Otter Lake is a municipality in the Outaouais region, northwest of Gatineau, part of the Pontiac Regional County Municipality, Quebec, Canada.

Prior to December 20, 2003 it was known as Leslie-Clapham-et-Huddersfield and had the legal status of a united township municipality.

==Geography==
Population centres within the municipality include: Klukeville, Lauréat, Omer, Otter Lake, and Sandy Creek.

The village of Otter Lake is surrounded by Hughes Lake to the west, Lac de la Ferme (Farm Lake) to the east, McCuaig Lake to the south, and Lac à la Loutre (Otter Lake) to the north.

==History==
In 1793, Huddersfield Township was established, named after its namesake in West Yorkshire, England. In 1866, Leslie Township was established, named after James Leslie (1786-1873), a Canadian senator.

Also in 1866, the Otter Lake post office opened and the village that formed around the post office also came to have the same name.
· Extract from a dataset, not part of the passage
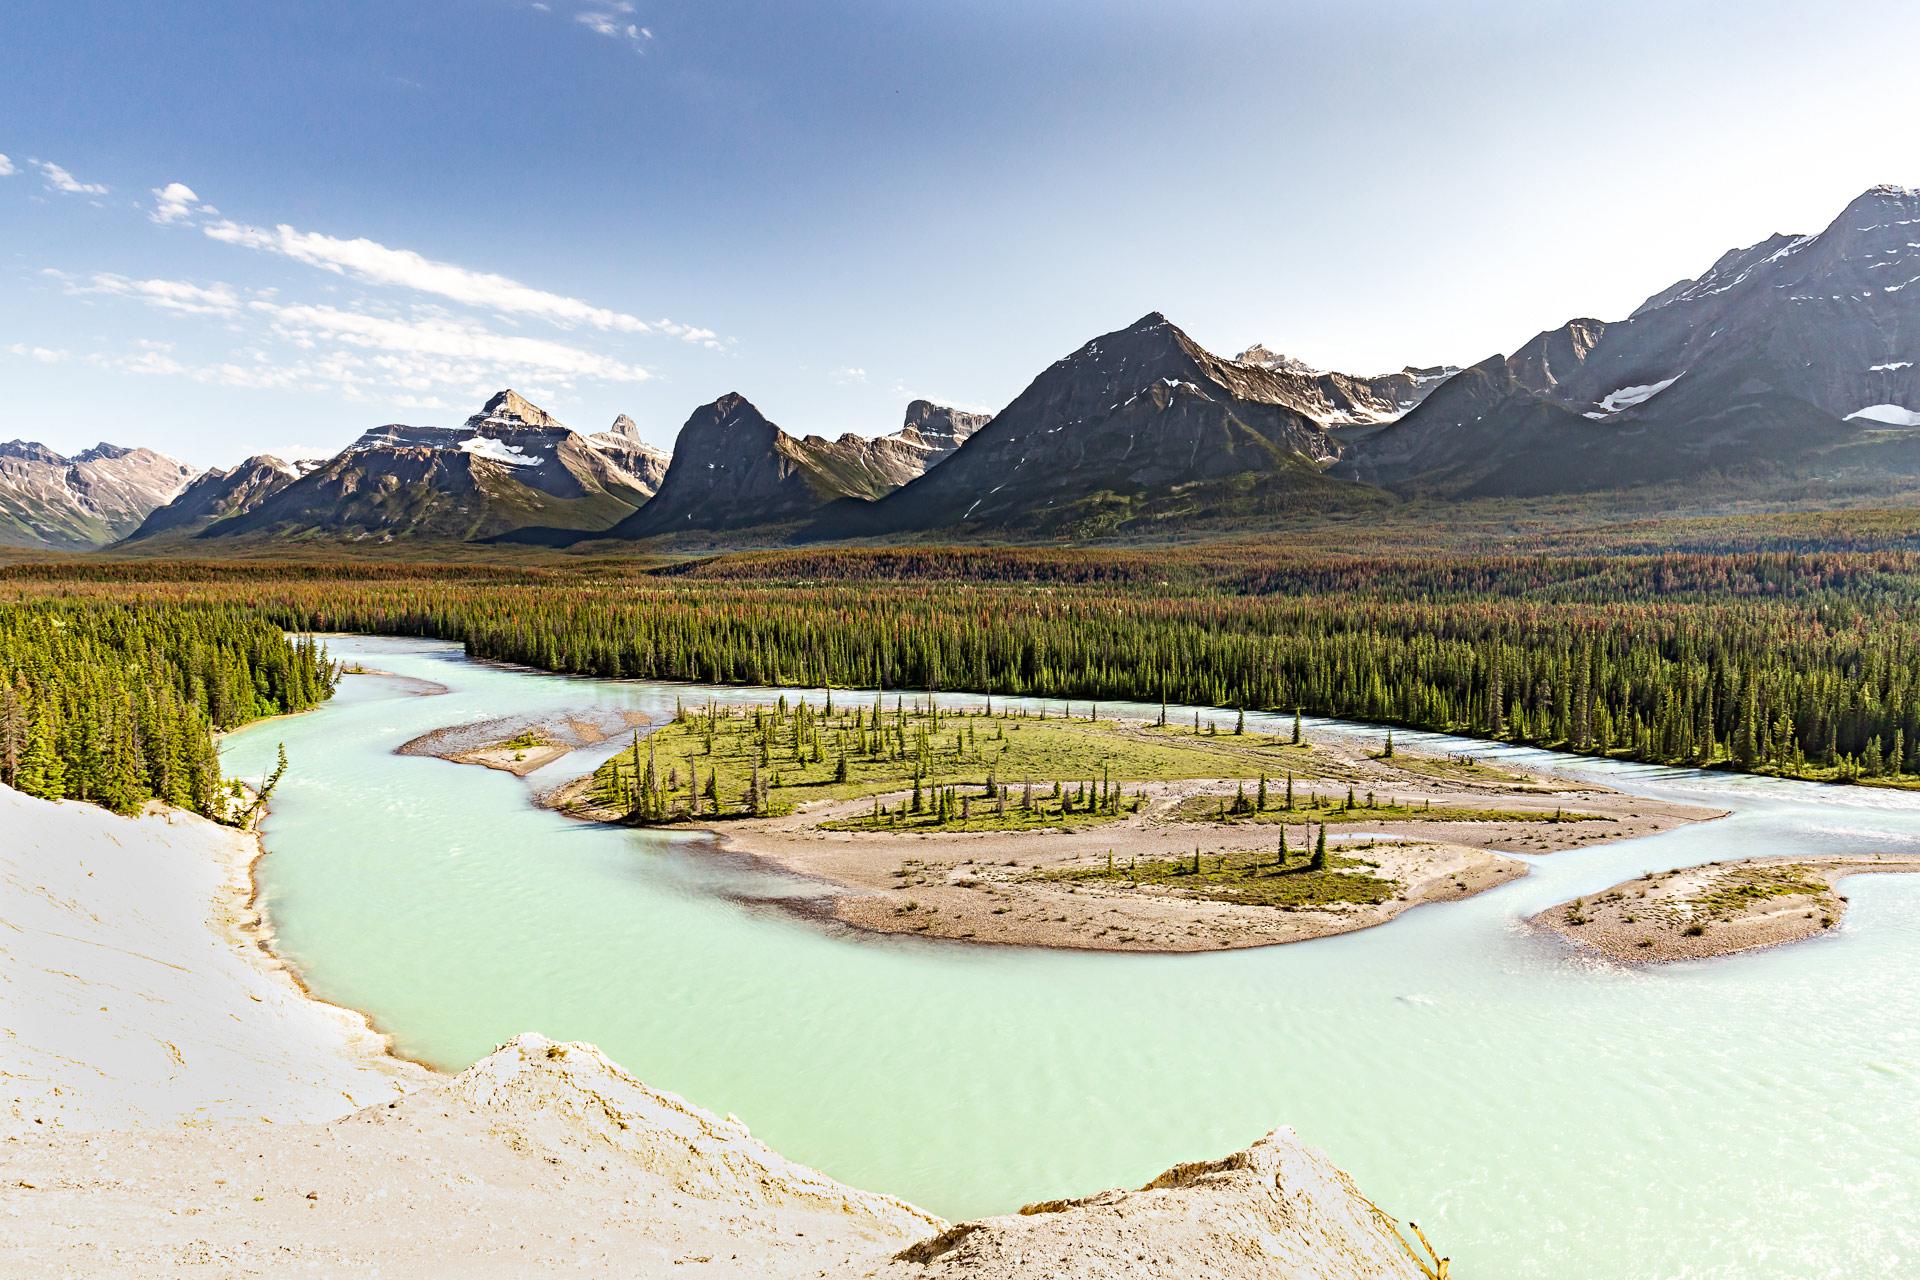 Rocheuses canadiennes promenade des glaciers

Since then, Philemon Wright, pioneer of the logging industry in Ottawa, operated a wood depot at Otter Lake. The industry has played and continues to play a leading role in the early and contemporary history of the village.

In 1877, the United Township Municipality of Leslie-Clapham-et-Huddersfield was formed from its constituent townships. While Clapham Township was not officially established until 1920, it was already planned in the second half of the 19th century and named after a village north of Bedford, England. The united municipality was established because it was more advantageous to hold a municipal status than remain unorganized territory.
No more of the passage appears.